I know the answer is supposed to be 7.2 m/s, however I keep getting in the whereabouts of 10m/s.

here is what I did: (0.5)(m)(9.81cos10-v²/15)=1.703(m)
divide out the m to cancel mass giving you:
(0.5)(9.81cos10-v²/15)=1.703
divide out 0.5
9.8cos10-v²/15=3.407
subtract 9.8 cos10
-v²/15=-6.244138
multiply both sides by -15
v²=93.662085
take the square root of 93.662085
v=9.6779m/s
v=10m/s

I don't know what I'm doing wrong, but from what I understand the normal force is reduced due to the reversed banking angle. Other than that I'm not real sure where I'm going wrong, I don't know if the equations I've figured out are not correct. I could really use some help, my homework is due on Wednesday and this is the only one I can't figure out.

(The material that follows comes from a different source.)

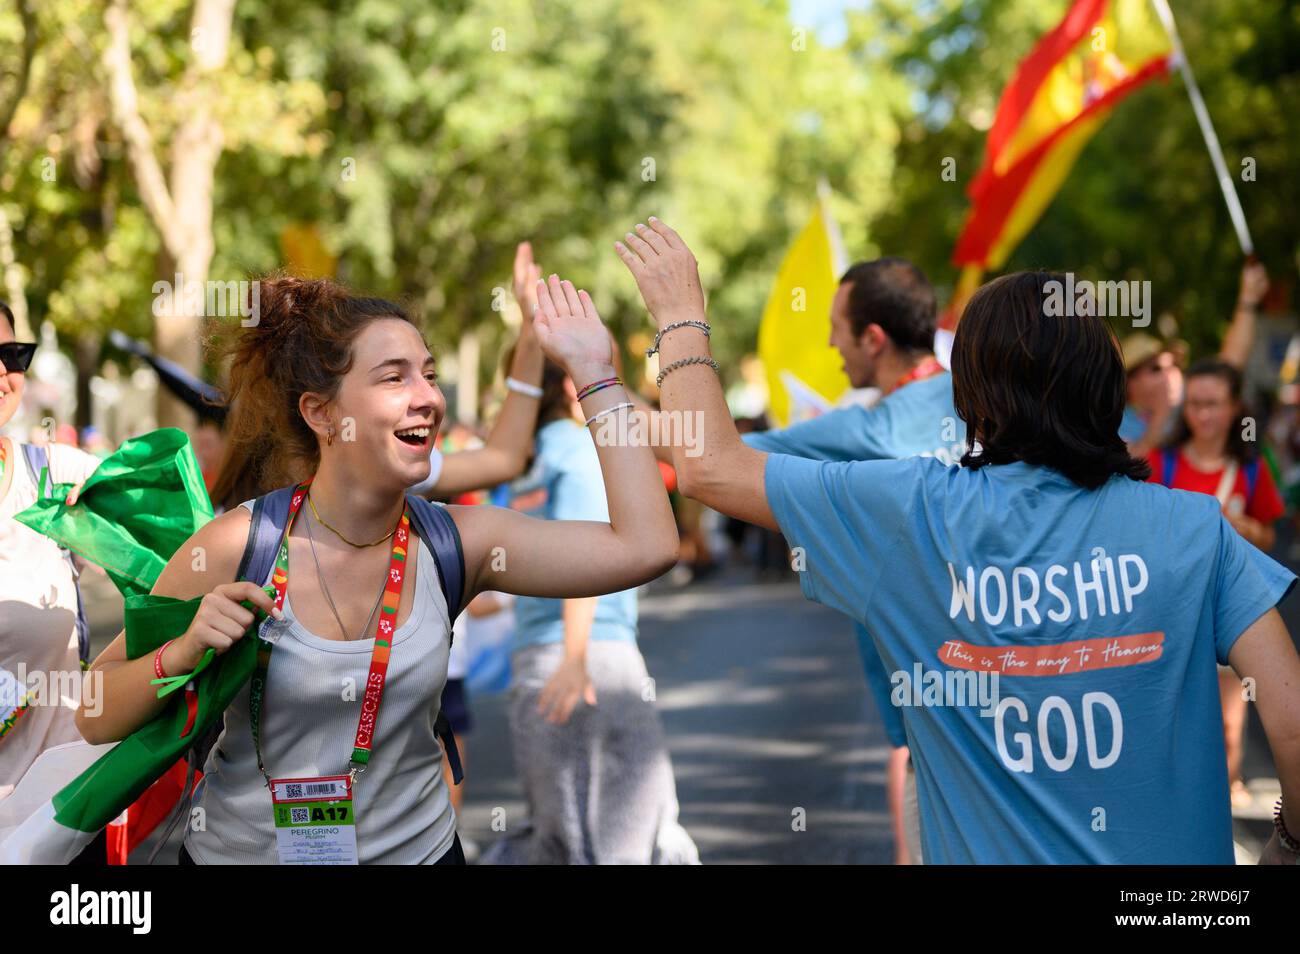 Banda de adoración Tiritaito que dirige una 'fiesta de adoración' de los peregrinos en su camino a la Santa Misa de apertura en el Parque Eduardo VII en Lisboa, Portugal. Foto de stock

Thanks!

 

[ashishsinghal]

why have you not taken components of centrifugal force

 

[Doc Al]

why have you not taken components of centrifugal force

There's no need for centrifugal force.

 

[Doc Al]

Homework Equations

F_friction=\mu_s[(mgcos10-mv²/r)
Fparallel=mgsin10
N=mgcos10-(mgcos10-mv²/r)

Show how you arrived at these equations. (Always start with a free body diagram and then apply Newton's 2nd law.)

 

[ashishsinghal]

in the car's frame mv^2/r is the centrifugal force. pech0706 has used it in his equations. how can there be no need for it as the car is moving in a circular track

 

[Doc Al]

in the car's frame mv^2/r is the centrifugal force. pech0706 has used it in his equations. how can there be no need for it as the car is moving in a circular track

Centrifugal force is only used when viewing things from an non-inertial frame. There is no need to use anything other than the usual inertial frame for this problem. You could use such a frame, but you don't need to. (And unless non-inertial frames have been explicitly covered in the course, it will just add to the confusion.)

Note that v^2/r is the magnitude of the centripetal acceleration.

 

[ashishsinghal]

I did not consider the course. I am more with the non-inertial frame.
I will consider it in future. thanks